As a typical sign of acute pain, physiological pain responds to stop exposure to the harmful stimulus to preserve tissue homeostasis. For this to happen, it is necessary to intervene with the free nerve endings of first-order neurons, called nociceptors. The harmful external stimulus is transmitted to the Central Nervous System through processes of transduction, transmission, modulation, and perception of the neural signals generated as a response (Pace et al., 2018; Sneddon, 2017).

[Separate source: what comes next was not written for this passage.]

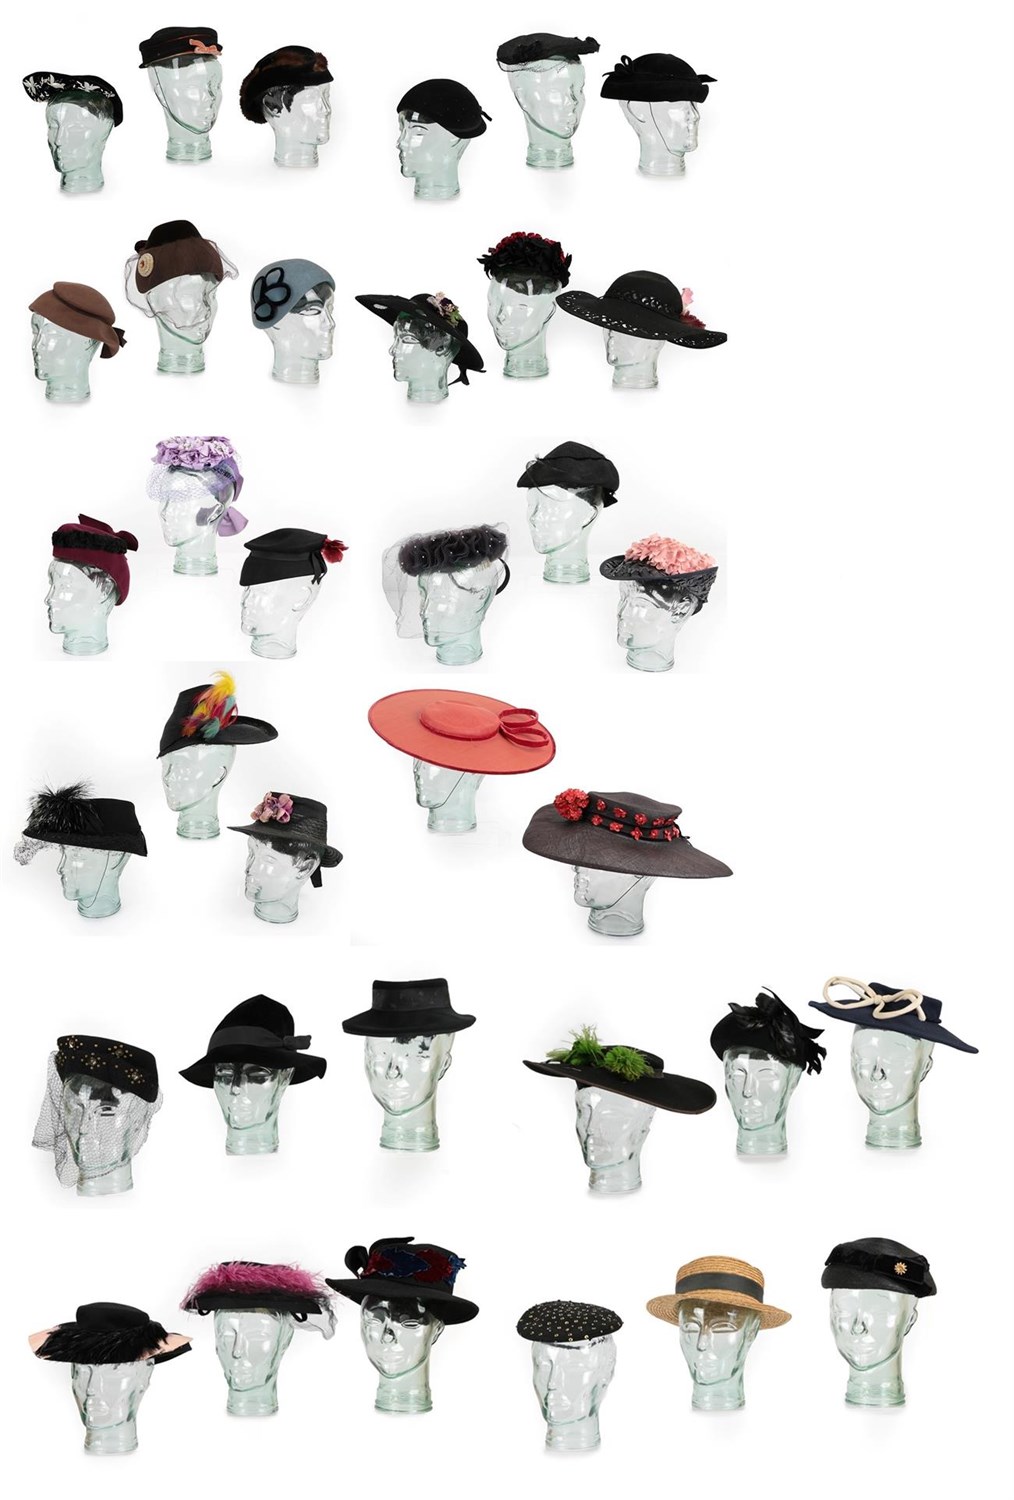 Lot 2252 - Approximately Thirty Five Circa 1940's Ladies' Hats, some with labels, floral corsages, in felt and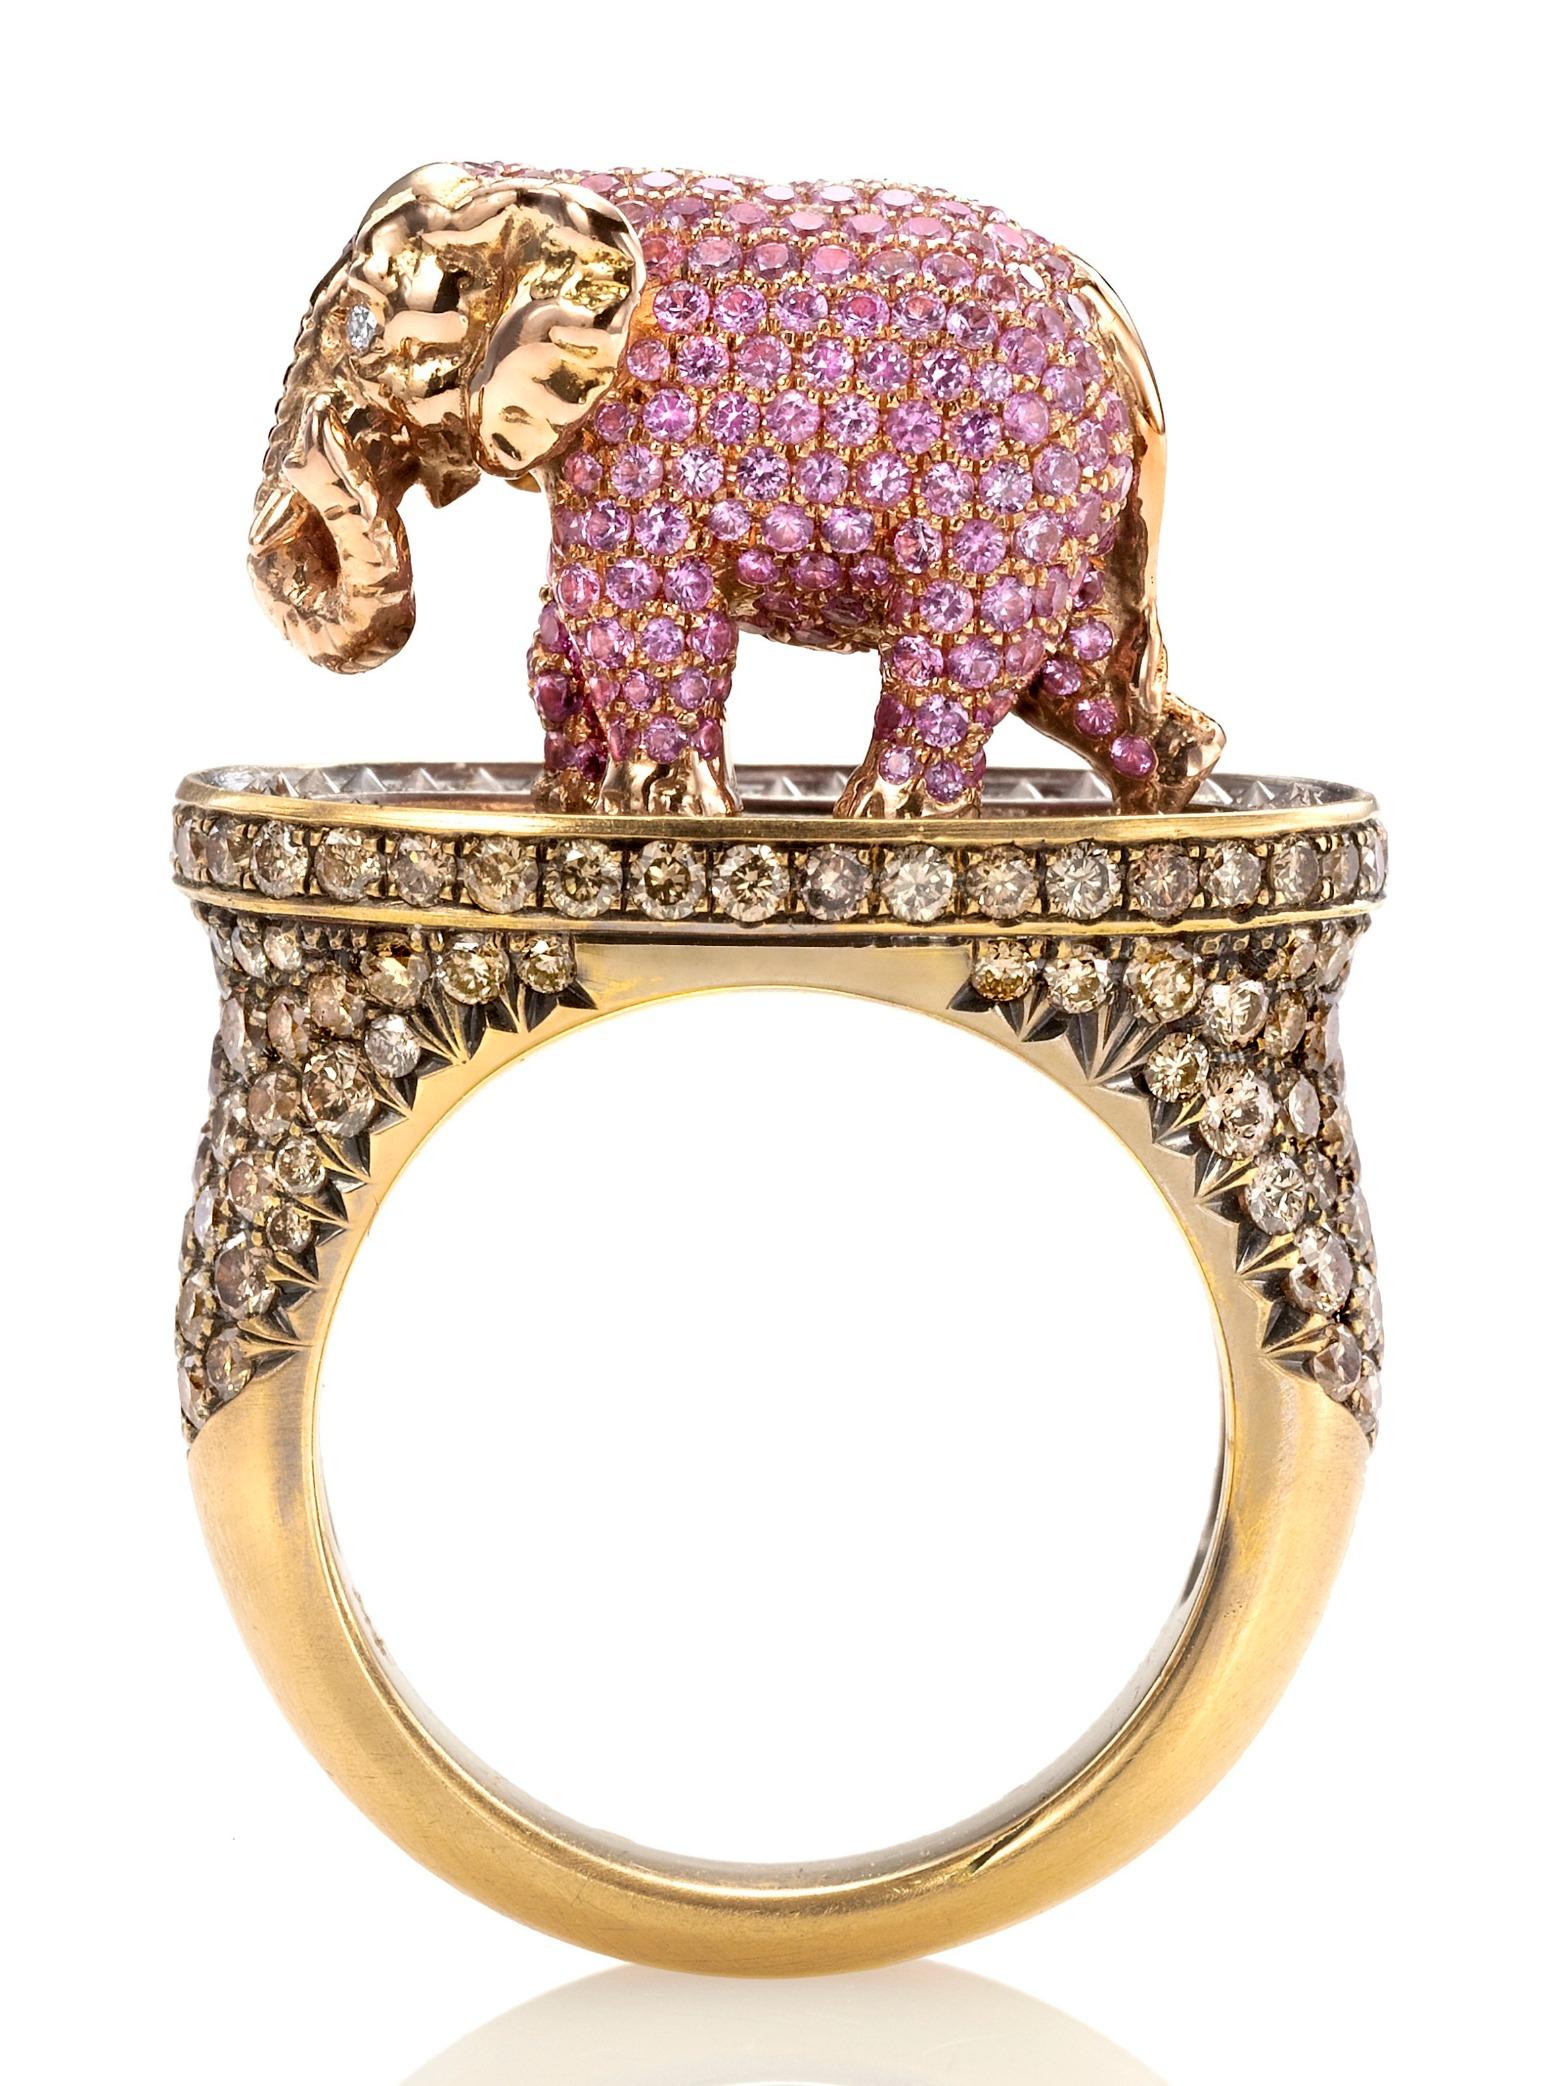 Wendy Brandes 7-Ring Diamond and Colored Gemstone Animal-Design Collection 6

In a simplified way, this process consists of a chain where the first-order neuron originates from the periphery and protrudes into the spinal cord; the second-order neuron ascends through it, and the third-order neuron protrudes into the cerebral cortex. Projection neurons carry nociceptive information through five main ascending pathways that innervate the thalamus, midbrain, limbic system, and reticular formation, which in turn are responsible for the location of pain, its intensity, and its effective and cognitive aspects (Klaumann et al., 2008; Lamont et al., 2000). The periaqueductal gray of the midbrain is considered the most crucial anatomical region to the endogenous analgesia system, comprising the pathways that originate in the brain stem and spinal cord that end. The inhibition of the nociceptive neurons presents here is made by excitatory connections with serotonergic and noradrenergic neurons which lead to the dorsal horn of the spinal cord which results from the inhibitory neurons of the blades connections I, II, and V (Klaumann et al., 2008; Lamont et al., 2000).